02 12 13 AFP: Congolese doctor calls for red line against rape
"Everyone is scared of genocide today
after what happened in Nazi Germany. Everyone is scared of chemical weapons and
I think we have drawn a red line… but when it comes to using rape as a weapon
of war we equivocate," Mukwege told AFP in Sweden.
Mukwege, who is in Stockholm to receive a prize from the Right
Livelihood Foundation, has set up a hospital and foundation to treat rape
victims, and has for several years been considered a favourite to win the Nobel
Peace Prize.
Women are frequent targets in conflict-torn
eastern DR Congo, and the doctor recounted harrowing stories of women who have
been raped in public in front of their husbands and children and arrive at the
clinic with their genitals burnt and tortured.
Mukwege said rape as a weapon of war had
dramatic consequences for women and for the country.
"It destroys women and society, it
produces children without filiation… women who can no longer give birth.
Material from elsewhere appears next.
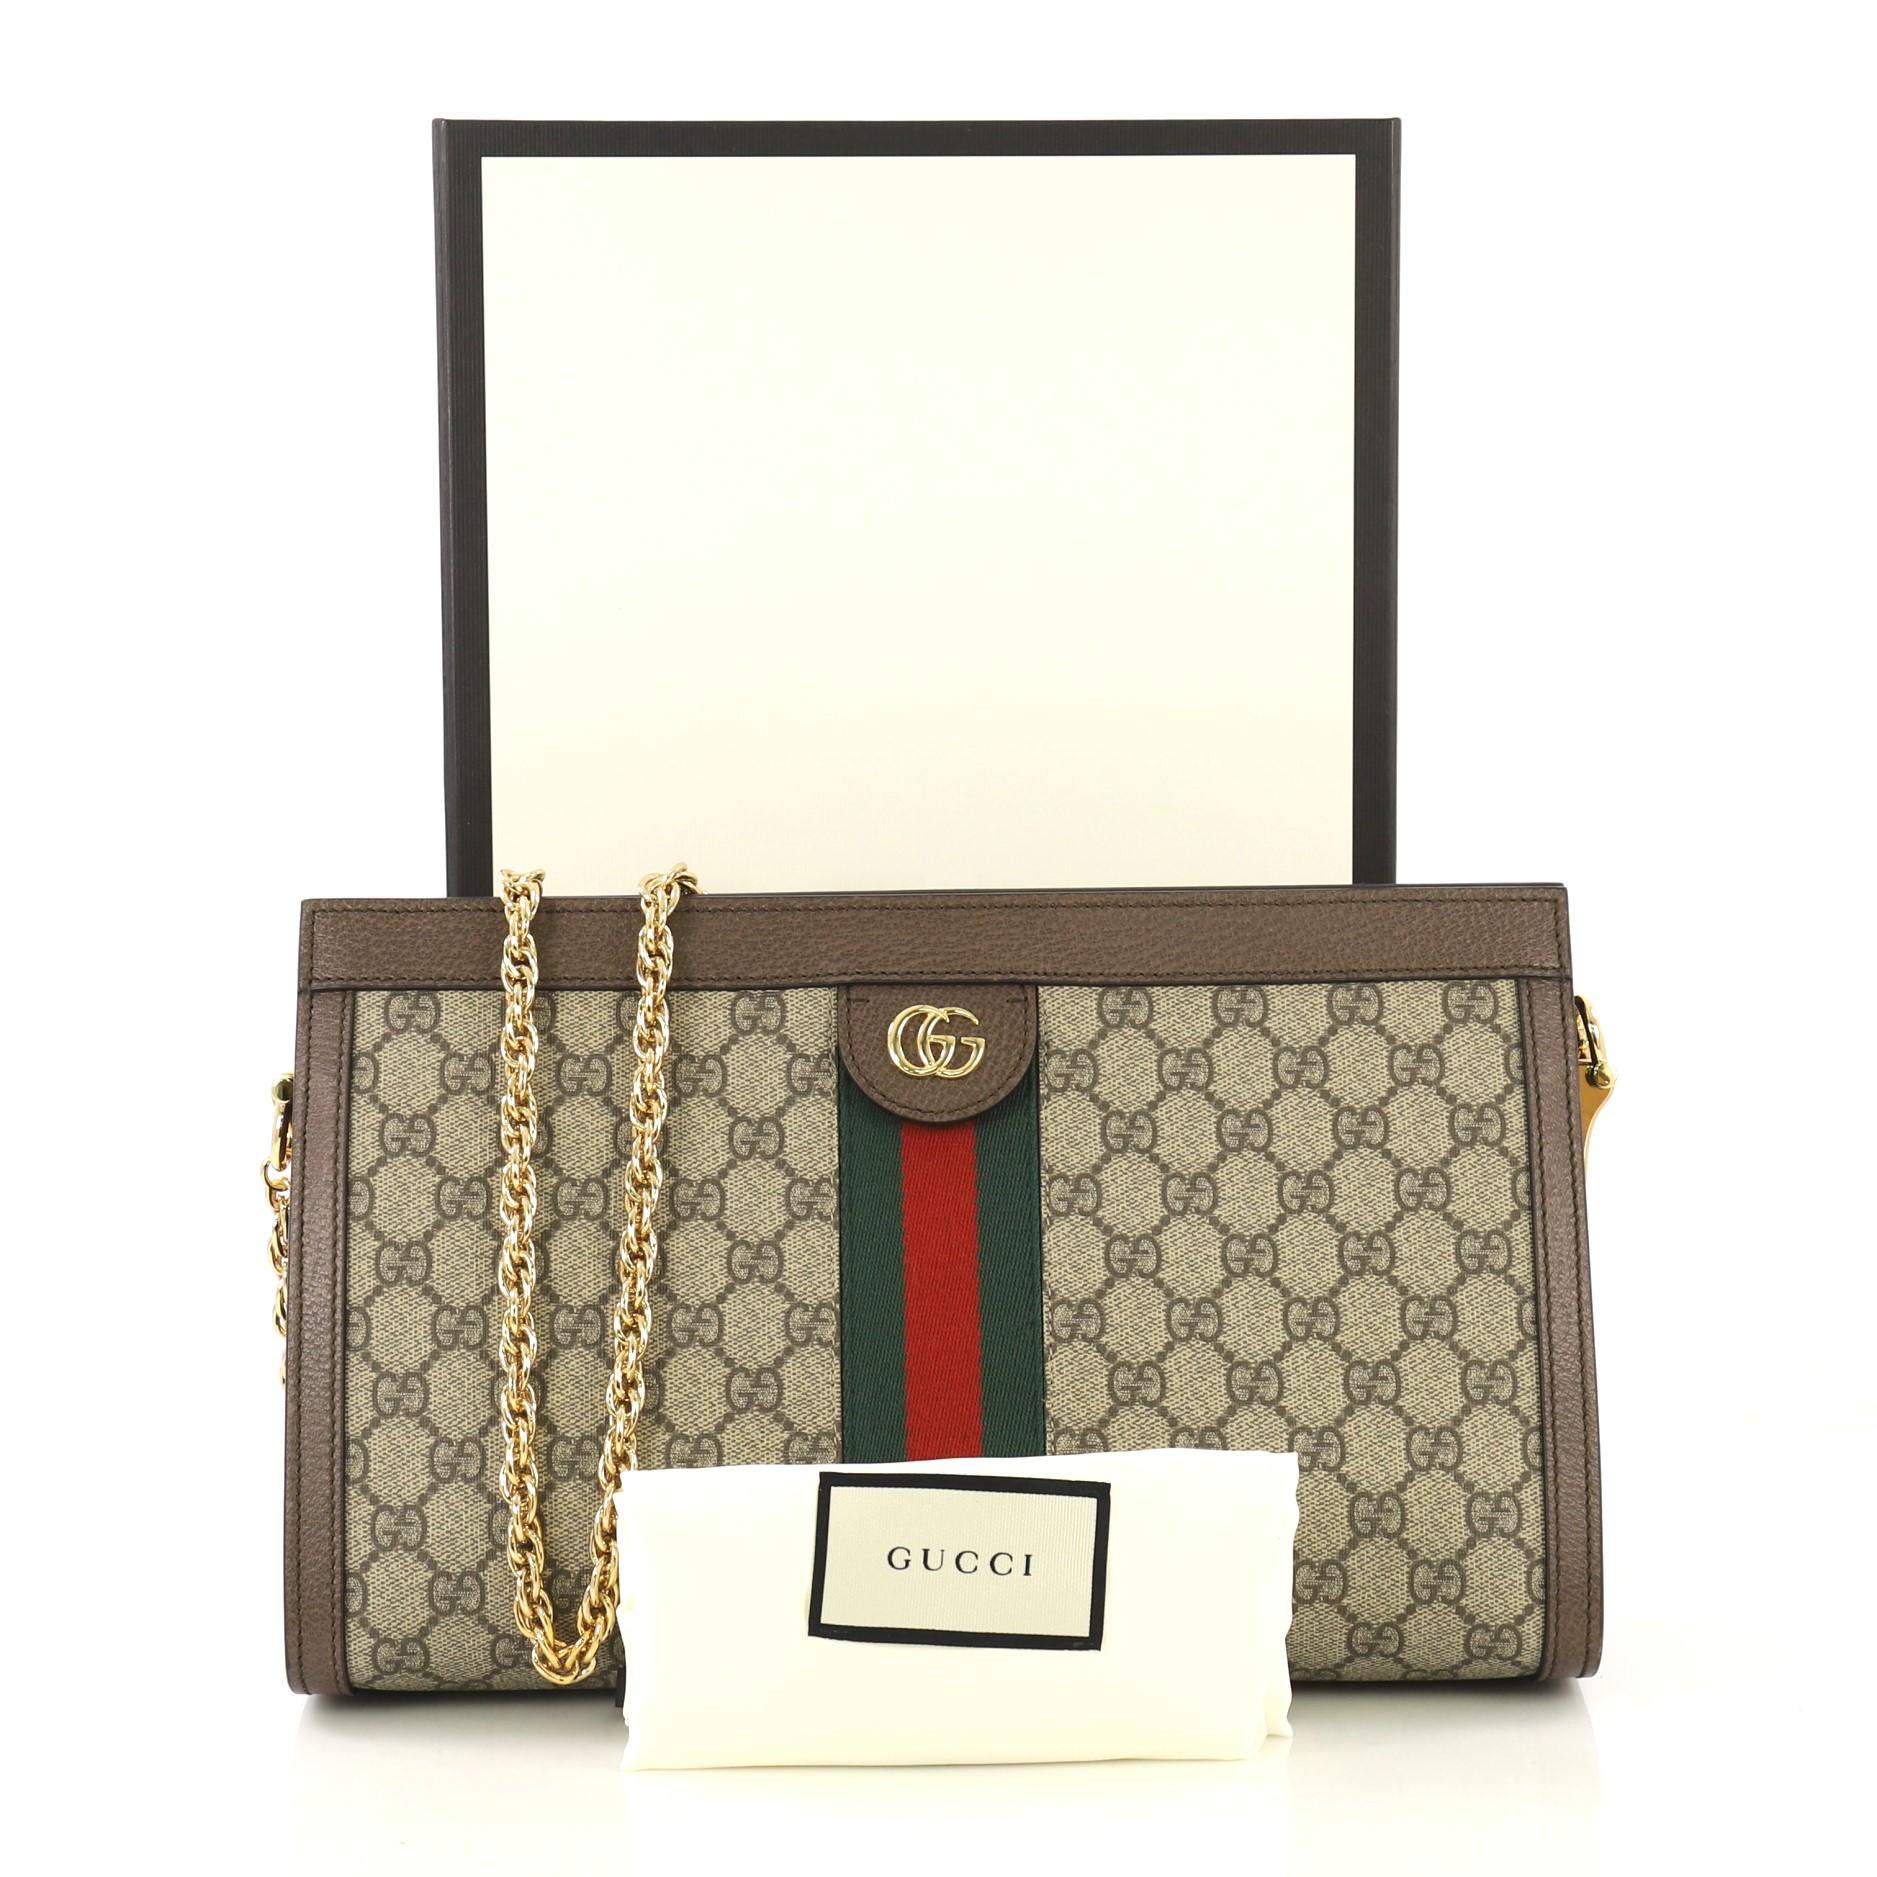 This Gucci Ophidia Chain Shoulder Bag GG Coated Canvas Medium, crafted in brown GG coated canvas, features inlaid web stripe detail, chain link shoulder strap, and gold-tone hardware. Its hidden magnetic snap closure opens to a blue satin interior

This
constitutes a genocide because when you destroy the female genital organs you
diminish her and prevent population growth," he said.
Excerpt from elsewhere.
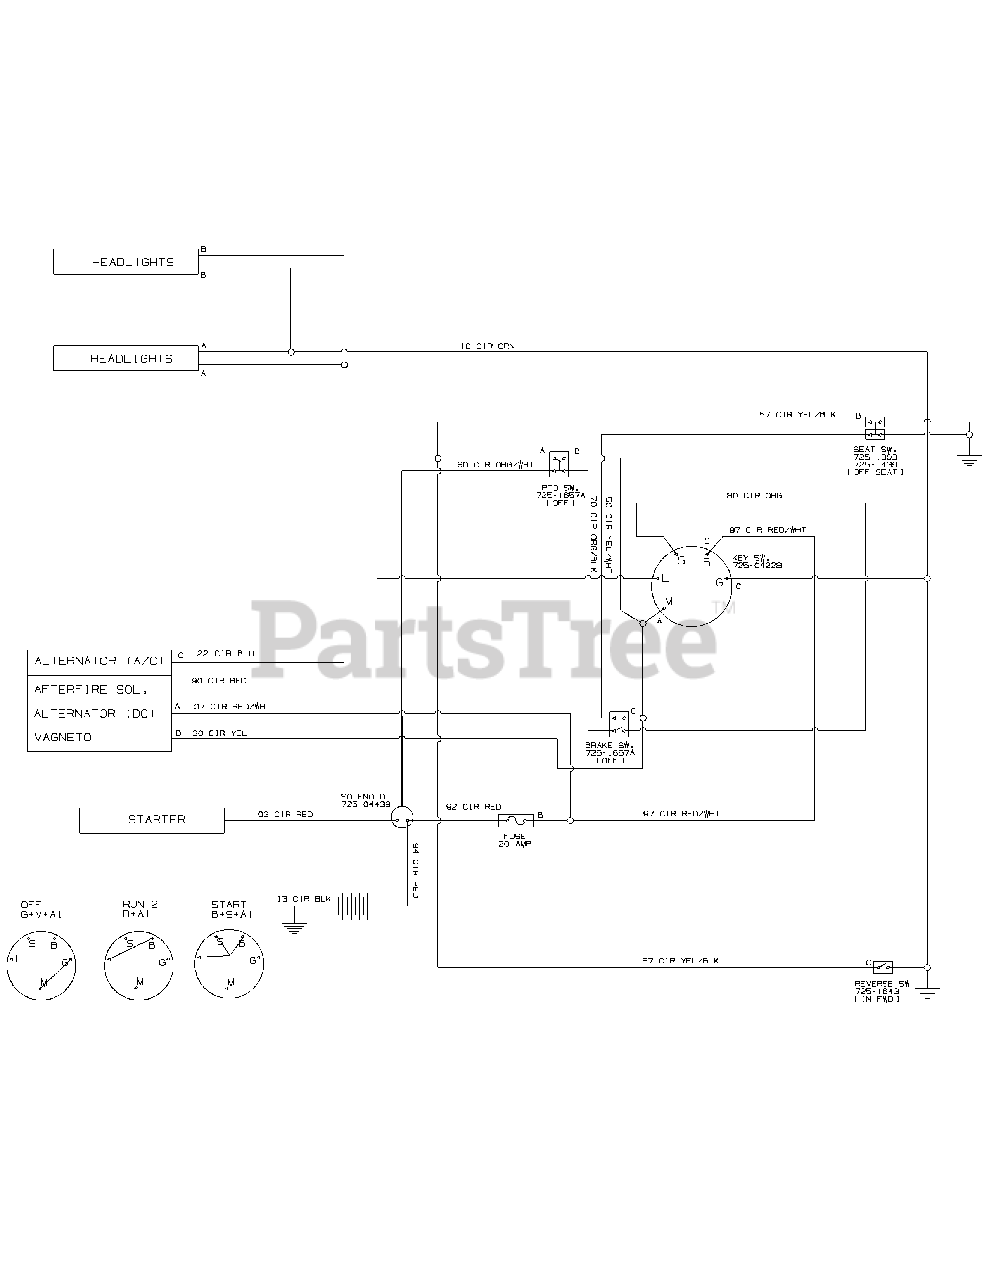 Wiring diagrams for Deere Tractor product identification number is  L06200H150106

Every year, his hospital's main programme for
victims of sexual violence takes in more than 3,500 women and provides them
with reconstructive surgery.
"The inability of DR Congo to sort out its
problems followed by the silence of the international community is a major
drama of our time," the doctor said.
"We are in the 20th year of atrocities and
I think that the more the years go by the more we see the groups, the militias
improve their tool of torture," he said.
Mukwege pointed to a United Nations resolution
adopted in 2000 as an example of good intentions. "But there is not a
solid red line yet which says: this limit can not be passed," he said.
UN resolution 1325 calls on all member states
to take specific measures to protect women and young girls, especially against
rape.
Mukwege's work has earned him numerous
nominations for the Nobel Peace Prize, and he has also been honoured with an
award from the UN for his human rights activities.
Last October Mukwege narrowly escaped being
murdered after a group of armed men broke into his home in Bukavu. He was
forced into exile in Belgium
and returned to his hospital in January this year.